Ten years, 125 more heads.

Hardly anything to write home about in these times of billion-plus populations, but anthropologists aren’t complaining. Not when the last headcount showed 240 and the people in question are a threatened tribe — the Jarawas.

The latest report by the Andaman Adim Janjati Vikash Samity (AAJVS), a government-affiliated autonomous agency headed by the Union territory’s lieutenant governor, shows the Jarawas now number 365 — 125 more since the 2001 census — kindling cautious hope for the threatened tribe.

The indigenous people were estimated to be just 89 in the 1991 census. In 1981, they were said to have numbered 275.

The huge fall in numbers between 1981 and 1991, said S.R. Rao, an anthropologist with the tribal welfare department of the Andaman and Nicobar administration, could be explained to an outbreak of epidemics in the late eighties. But the latest census, Rao added, shows the Jarawas, who first came in touch with the outside world in 1979, had recovered enough to increase their population.

Anthropologists said if the latest figure of 365 was true, the Jarawas might increase their population even more like the threatened Birhor tribes of Madhya Pradesh had done.

The Birhors numbered just 935 in 1991 but are a few thousand strong now.

An official with the AAJVS, tasked with conserving the unique heritage of the aboriginal tribes of the Andaman and Nicobar Islands, said the latest report was based on a survey carried out in August. “The study was based on physical verification of the indigenous people. The total male population of the Jarawas is estimated to be 192 now while the total female population is 173,” the official said.
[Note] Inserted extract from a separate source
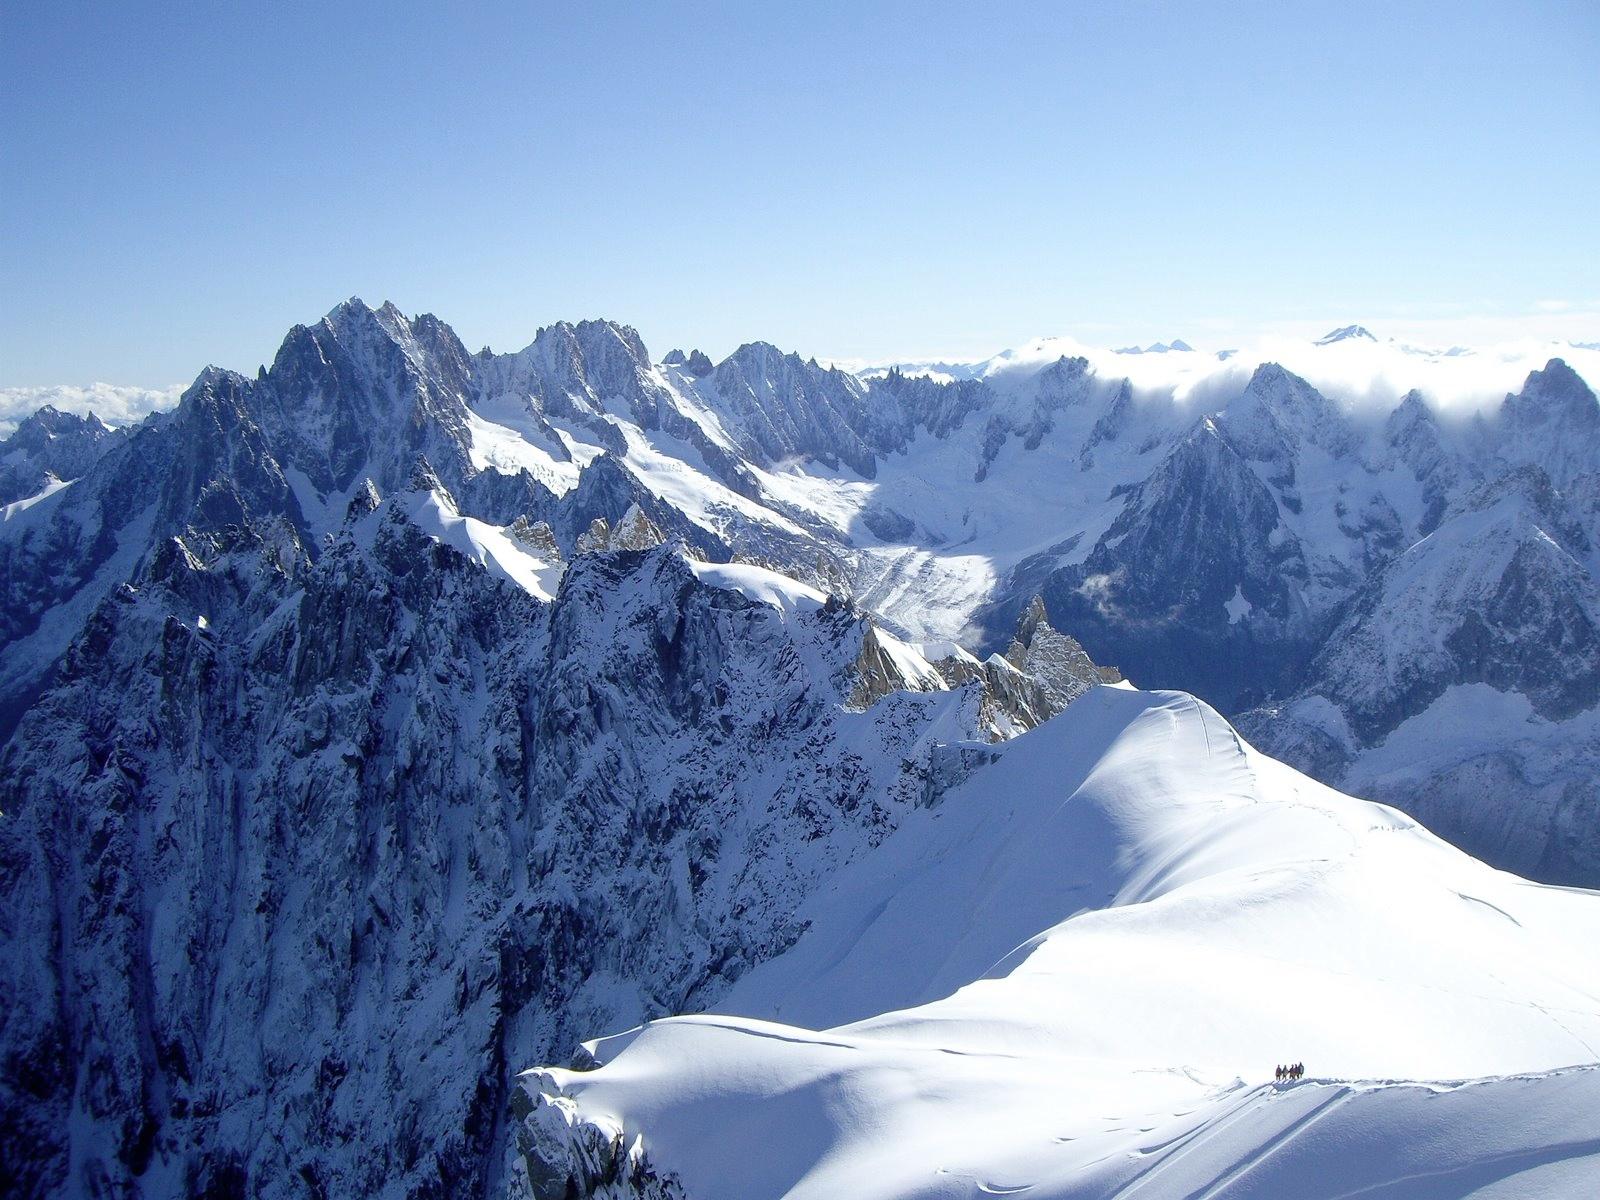 snow mountain wallpaper hd - photo #17

Sources said another positive sign was the demographic profile of the Jarawas — the young outnumber the elderly.

The number of people between 11 and 20 is 99, while those between 21 and 30 number 59. Only 11 are above 51.
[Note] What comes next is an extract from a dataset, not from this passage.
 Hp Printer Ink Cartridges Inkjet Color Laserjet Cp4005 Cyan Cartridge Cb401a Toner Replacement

Some experts, however, said the increase of 125 might not be accurate as, till the late nineties, anthropologists were either unable to locate all the habitats of the Jarawas who are spread across the south and middle Andamans, or census workers were too scared to survey remote areas.

“It was only in 2002 that a team of anthropologists, of which I was a part, had made door-to-door visits to get an accurate picture. That time the figure was 310. I can vouch for its accuracy,” said S.S. Barik, a senior anthropologist with the Anthropological Survey of India in Port Blair.

Professor V.S. Sahay, head of the department of anthropology, Allahabad University, said all the previous figures were declared “estimated to be”.

“I was among the first group of anthropologists who befriended the Jarawas in 1979. Aboard a ship we made first contact at a south Andaman island and distributed some food to some Jarawas. They quickly lifted them and ran back to their habitat without speaking a word,” he recalled.

But, Sahay said, “much of the confusion” about the demographic profile of the Jarawas has now been cleared. “The Jarawas,” he added, “are now in direct contact with us.”